Maatregelen: Na het lassen van de buisverbindingen mogen de buizen niet scheef staan en moeten ze op een hartlijn liggen; er moeten openingen tussen de verbindingen worden gelaten; dikwandige buizen moeten worden afgeschuind. Bovendien moeten de breedte en hoogte van de lasnaad worden gelast volgens de specificaties.
Taboe 8
De pijpleidingen worden rechtstreeks in bevroren grond en onbehandelde losse grond begraven. De afstand en locatie van de steunberen van de pijpleidingen zijn niet goed geplaatst en er worden zelfs drooggecodeerde stenen gebruikt.
Gevolgen: Door de instabiele ondersteuning raakte de pijpleiding beschadigd tijdens het aanstampen van de opvulgrond, wat leidde tot herwerkzaamheden en reparaties.
Maatregelen: Leidingen mogen niet worden ingegraven in bevroren grond of onbehandelde losse grond. De afstand tussen de steunberen moet voldoen aan de eisen van de bouwvoorschriften. De steunberen moeten stevig zijn, met name de leidinginterfaces, die geen schuifkrachten mogen verdragen. Bakstenen steunberen moeten worden gebouwd met cementmortel om de integriteit en stevigheid te garanderen.
Taboe 9
De keilbouten die gebruikt worden om de buissteunen te bevestigen zijn van inferieur materiaal, de gaten voor het installeren van de keilbouten zijn te groot of de keilbouten worden geïnstalleerd op bakstenen muren of zelfs lichtgewicht muren.
Gevolgen: De leidingdragers zitten los en de leidingen vervormen of vallen eraf.

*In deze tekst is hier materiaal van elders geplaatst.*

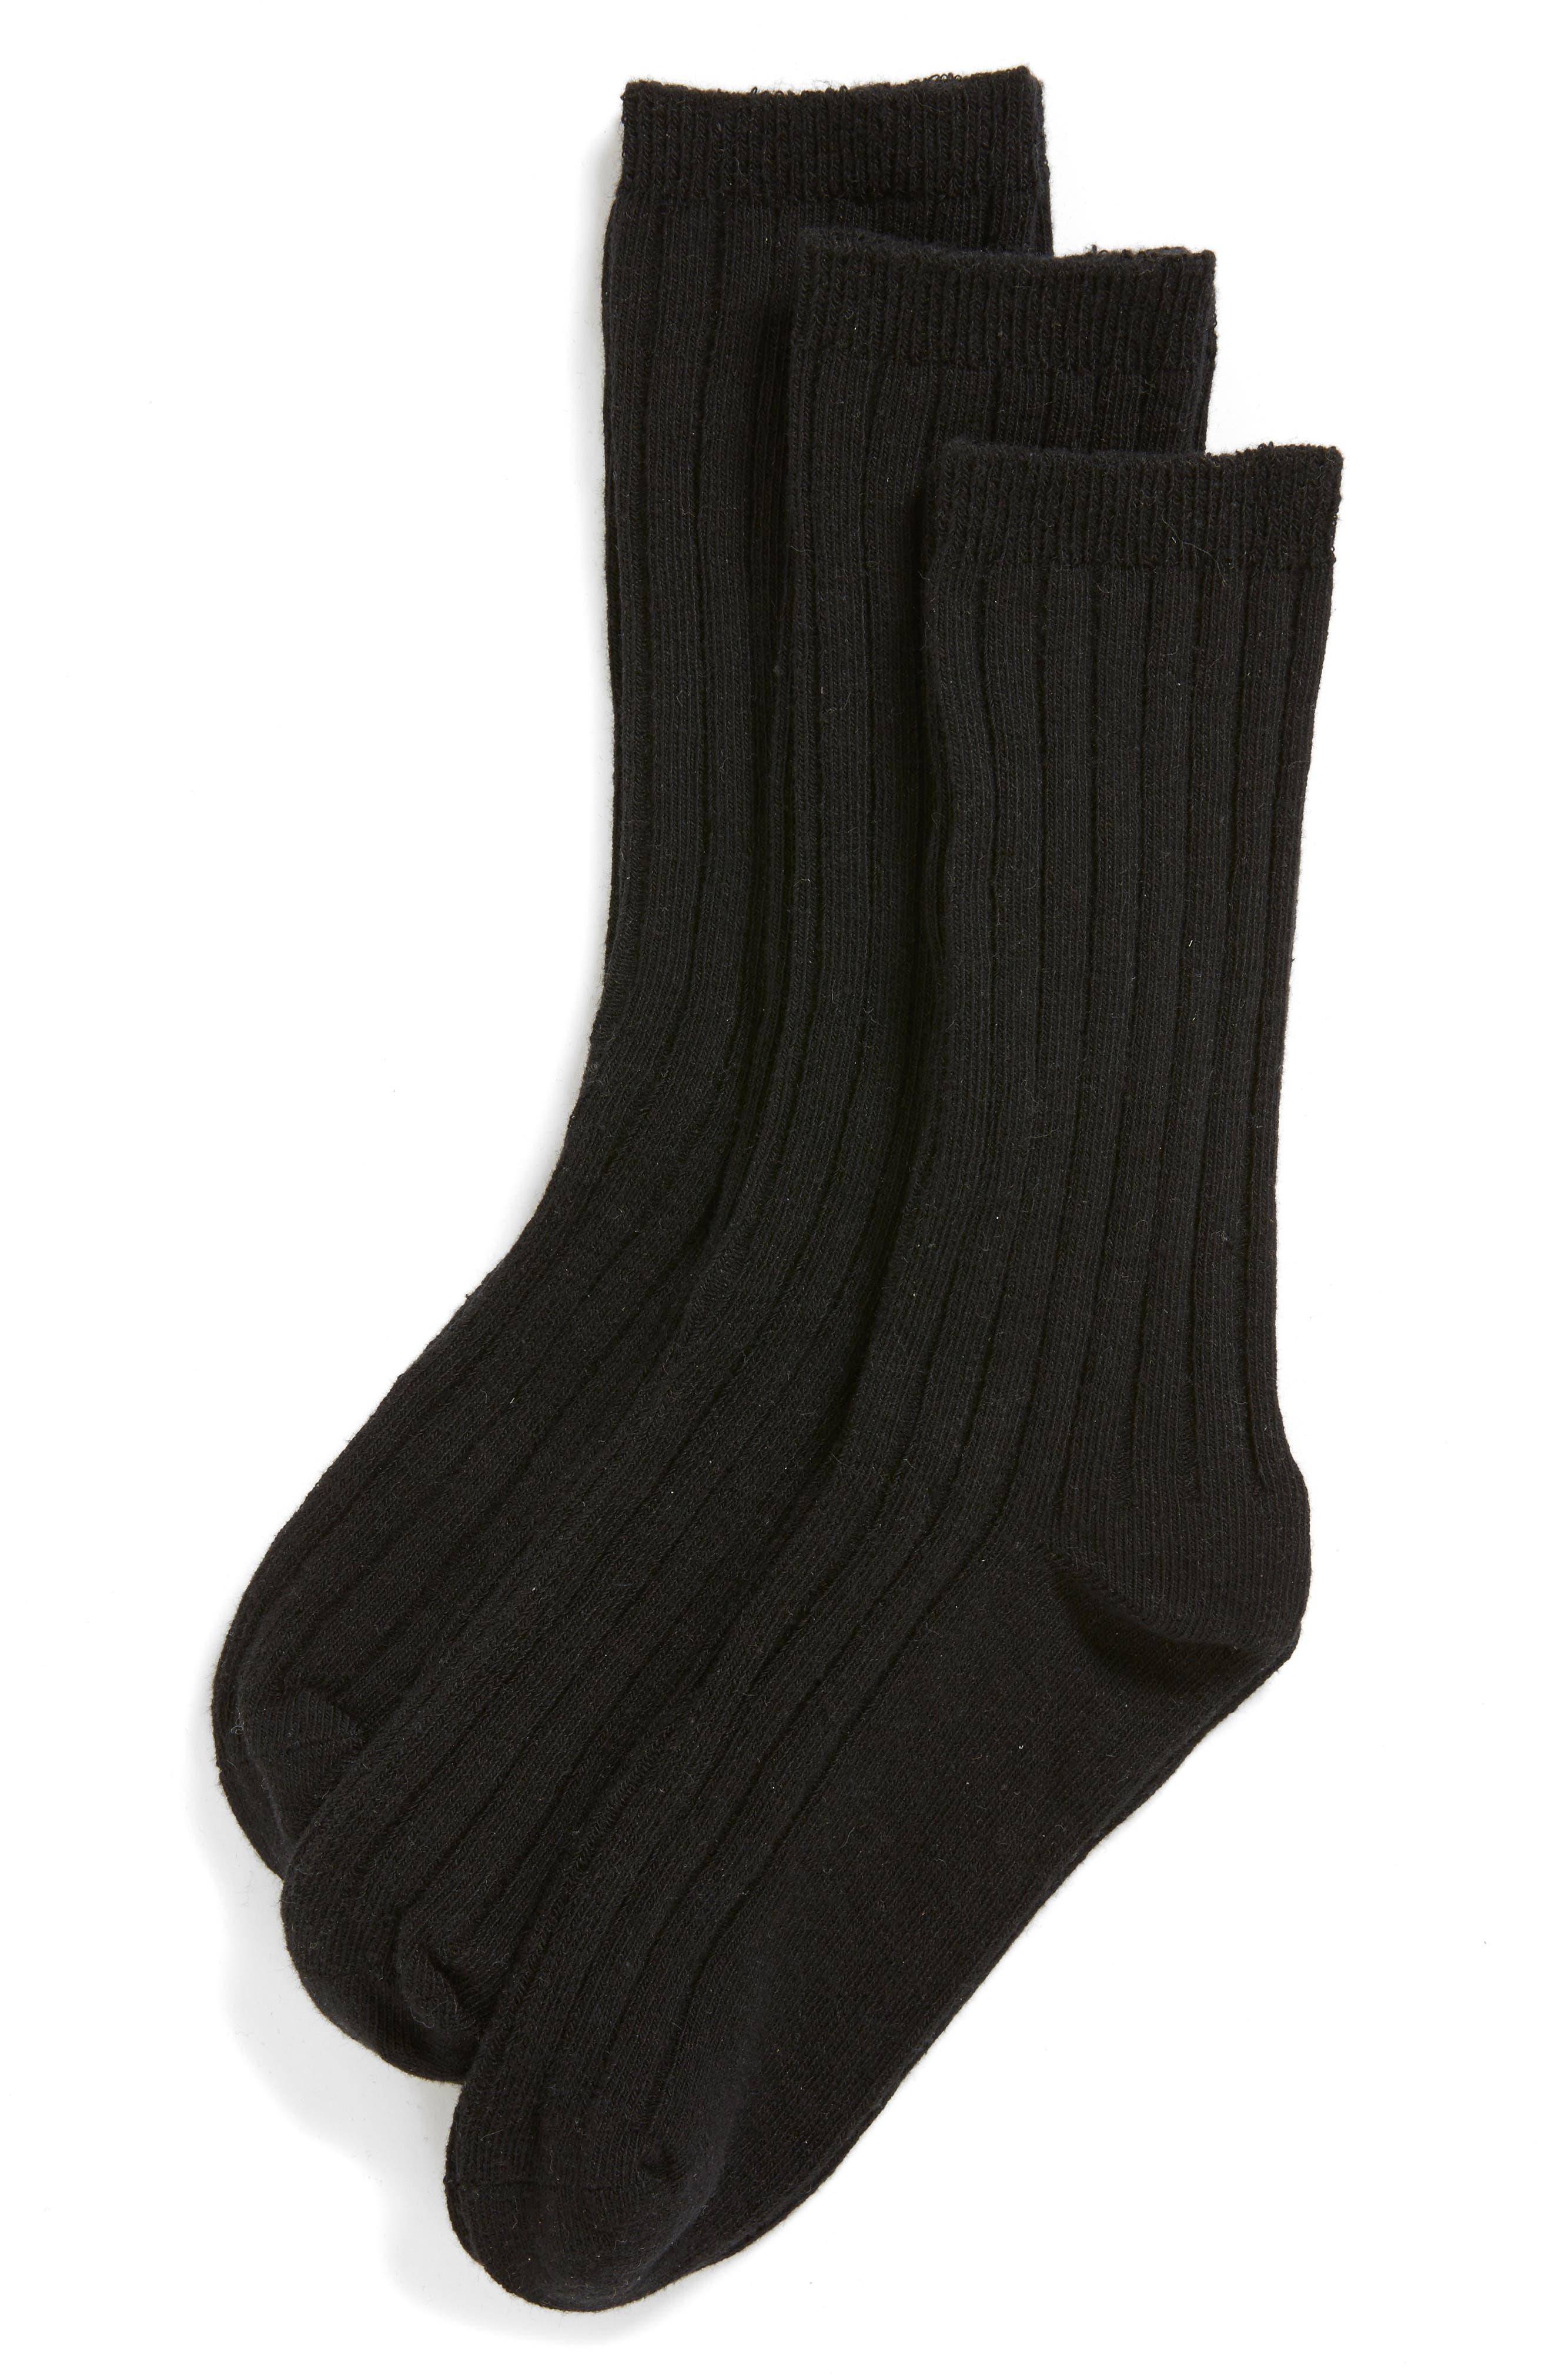 TUCKER + TATE, 3-Pack Dress Socks, Main thumbnail 1, color, BLACK

Maatregelen: Voor expansiebouten moeten geschikte producten worden geselecteerd. Indien nodig moeten er monsters worden genomen voor een testinspectie. De gatdiameter voor het plaatsen van expansiebouten mag niet 2 mm groter zijn dan de buitendiameter van de expansiebouten. Expansiebouten moeten worden gebruikt op betonconstructies.
Taboe 10
De flens en pakking van de pijpverbinding zijn niet sterk genoeg en de verbindingsbouten hebben een korte of dunne diameter. Verwarmingsbuizen gebruiken rubberen pads, koudwaterleidingen gebruiken dubbellaagse pads of afgeschuinde pads, enflenspads steken in de leidingen uit.

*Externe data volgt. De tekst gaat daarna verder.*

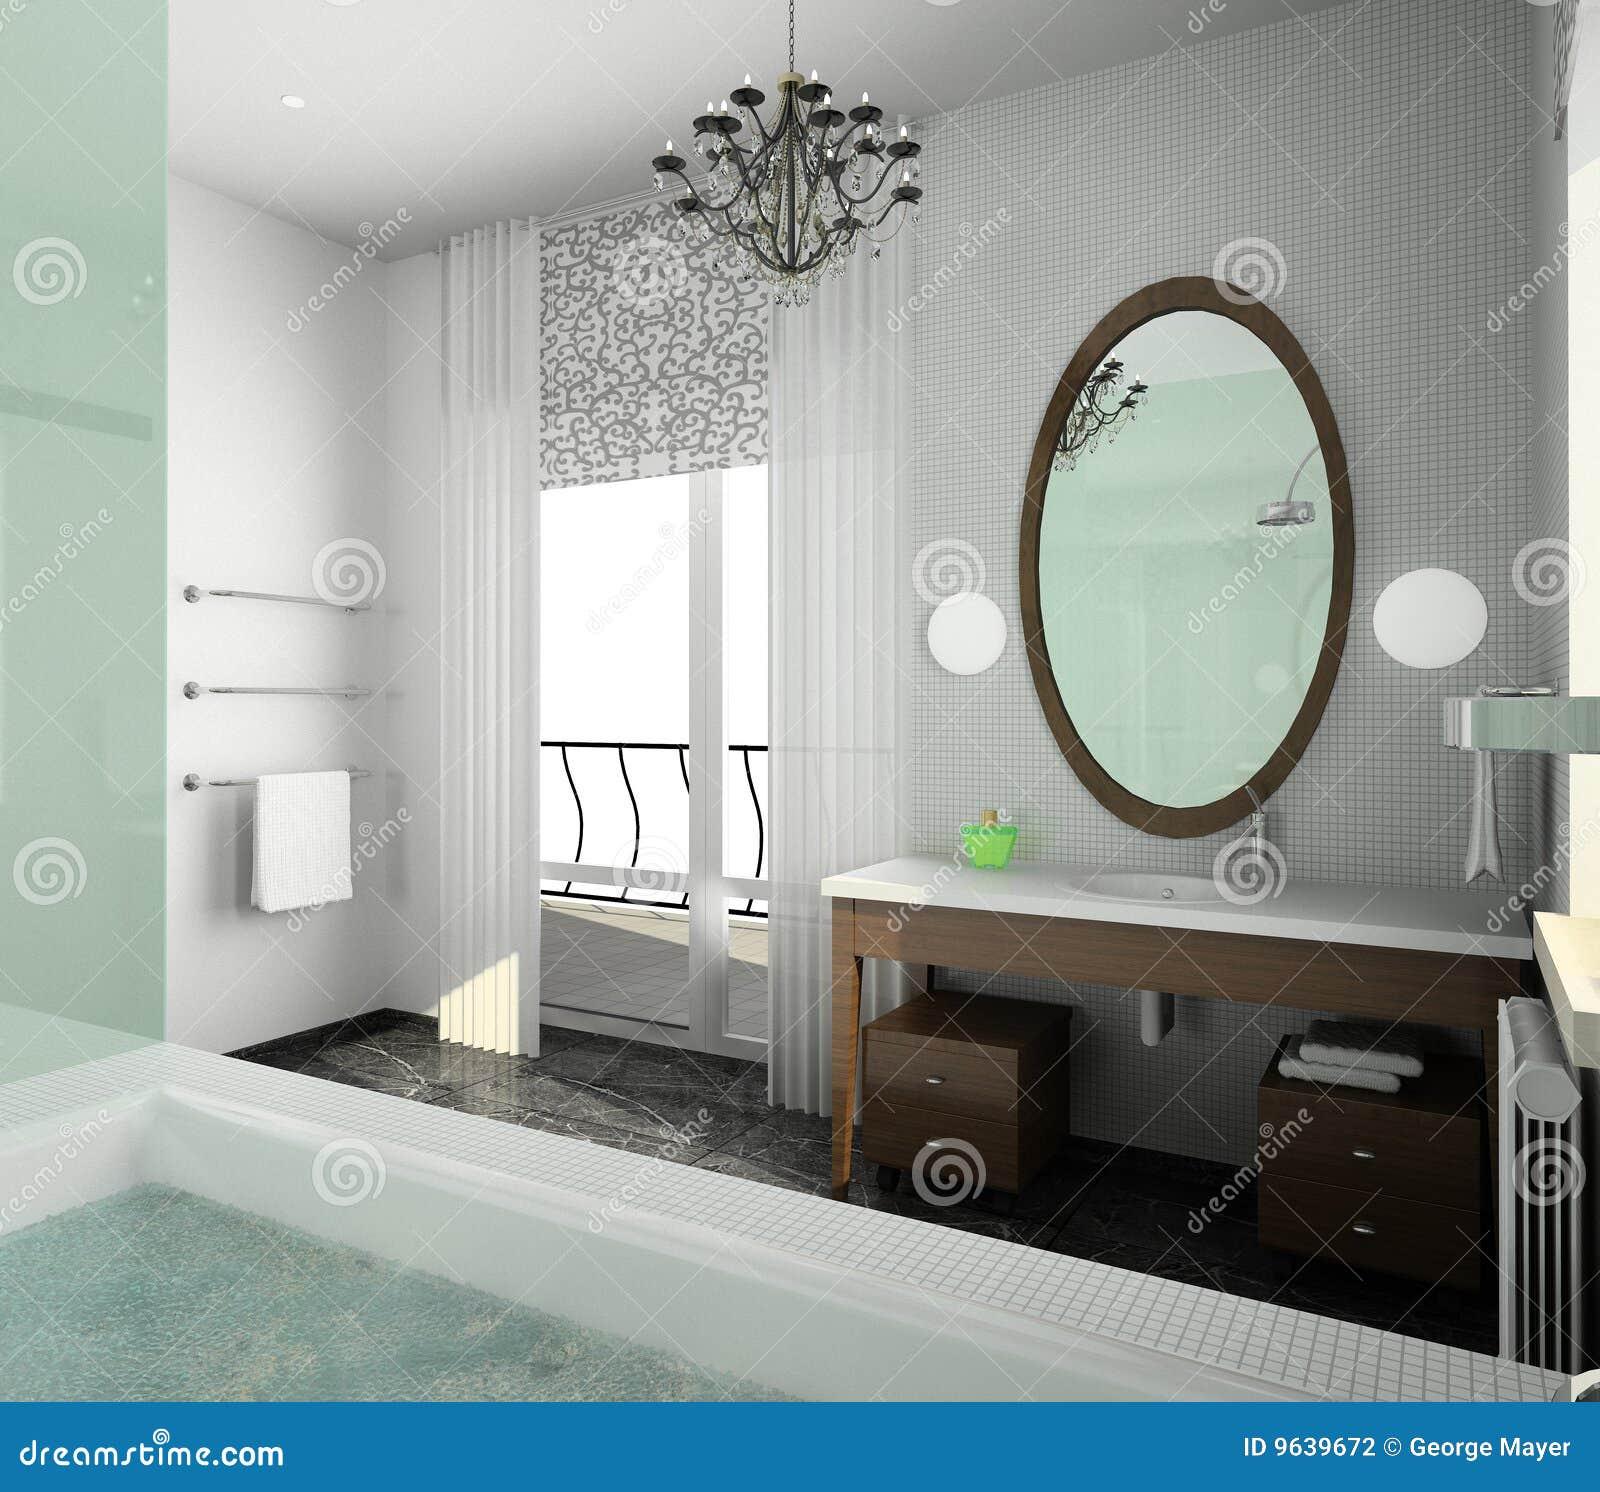 Stanza da bagno disegno moderno dell 39 interiore fotografia - Stanza da bagno ...

Gevolgen: De flensverbinding is niet goed afgedicht of zelfs beschadigd, waardoor lekkage ontstaat. De flenspakking steekt in de leiding en verhoogt de stromingsweerstand.
Maatregelen: Pijpflenzen en pakkingen moeten voldoen aan de ontwerpwerkdrukvereisten van de pijpleiding.
Voor flensbekledingen van verwarmings- en warmwaterleidingen moeten asbestrubberen pads worden gebruikt; voor flensbekledingen van watertoevoer- en afvoerleidingen moeten rubberpads worden gebruikt.
De flenspakking mag niet in de buis uitsteken en de buitenrand moet tot aan het boutgat in de flens reiken. Er mogen geen afschuiningsplaatjes of meerdere plaatjes in het midden van de flens worden geplaatst. De diameter van de bout die de flens verbindt, moet kleiner zijn dan 2 mm dan de diameter van het flensplaatgat. De lengte van de boutstang die uit de moer steekt, moet de helft van de dikte van de moer bedragen.